HPE Ezmeral Runtime Enterprise supports MIG as follows:

NVIDIA A100 MIG instances are supported on Kubernetes Worker hosts running RHEL 7.x , CentOS 7.x, and SLES as listed in OS Support.
MIG support requires NVIDIA driver version 470.57.02 or later.
On hosts that have multiple A100 GPU devices, each GPU device can have a different MIG configuration.

For example, on a system that has four A100 GPUs, the MIG configurations might be as follows:
- GPU 0: MIG disabled
- GPU 1: 7 MIG 1g.5gb devices
- GPU 2: 3 MIG 2g.10gb devices
- GPU 3: 1 MIG 4g.20gb, 1 MIG 2g.10gb, 1 MIG 1g.5gb
The NVIDIA GPU operator is not supported.
No GPU metrics on A100 MIG instances are available. NVIDIA recommends using DCGM-Exporter. (link opens an external website in a new browser tab or window).
Information about hosts listed on the Host(s) Info tab of the Kubernetes Cluster Details screen includes the number of GPU devices. The More Info link displays information about the MIG instances.
The NVIDIA device plugin version 0.9.0, which is deployed by the nvidia-plugin Kubernetes add-on, does not support multiple compute instances (CI) for the same GPU instance (GI). Therefore, do not configure MIG with profiles that start with Xc, such as 1c.3g.20gb or 2c.3g.20gb.
As stated in the NVIDIA Multi-Instance GPU User Guide, "MIG supports running CUDA applications by specifying the CUDA device on which the application should be run.

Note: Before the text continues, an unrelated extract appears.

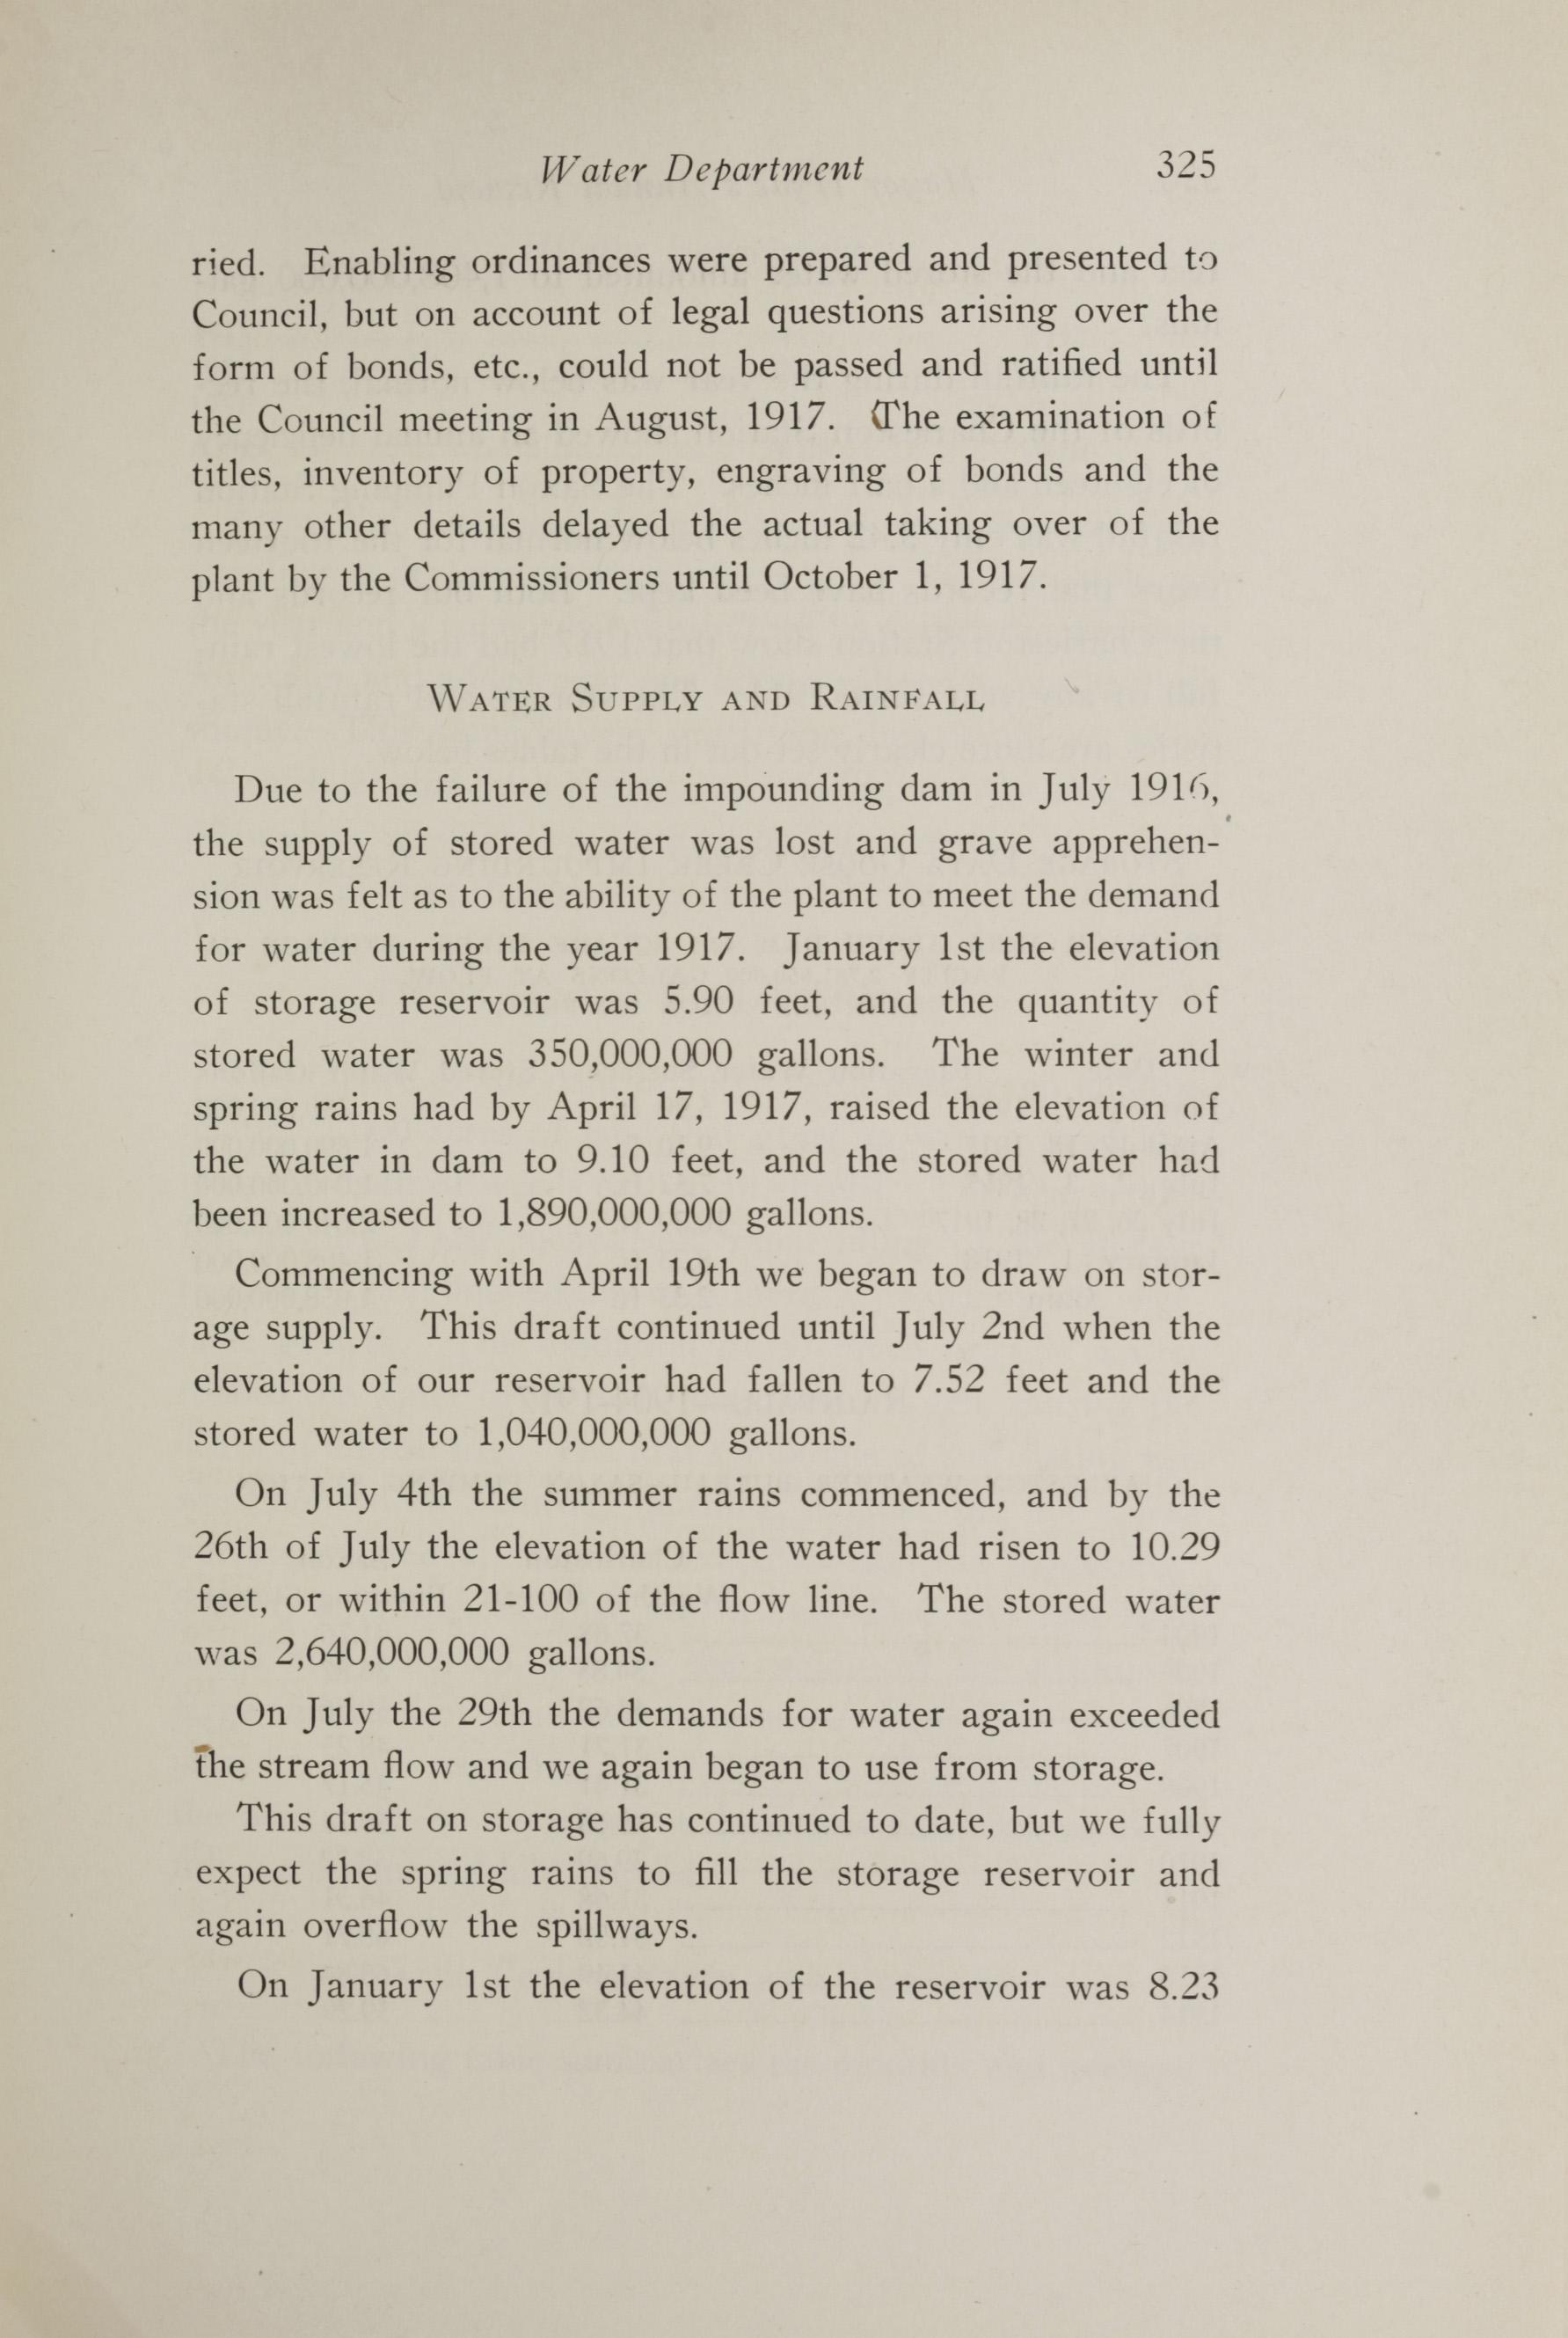 Charleston Yearbook, 1917, page 325

With CUDA 11, only enumeration of a single MIG instance is supported.” This restriction means that applications that use CUDA can use only the first MIG device applied to a pod.
For example, consider the case in which an A100 GPU is configured with 7 MIG devices, with Pod1 assigned to MIG device 0 and Pod2 assigned to MIG device 1. Then, a Tensorflow notebook application pod is created, and that pod specifies two GPUs. The following occurs:
- The new pod is assigned MIG devices 2 and 3.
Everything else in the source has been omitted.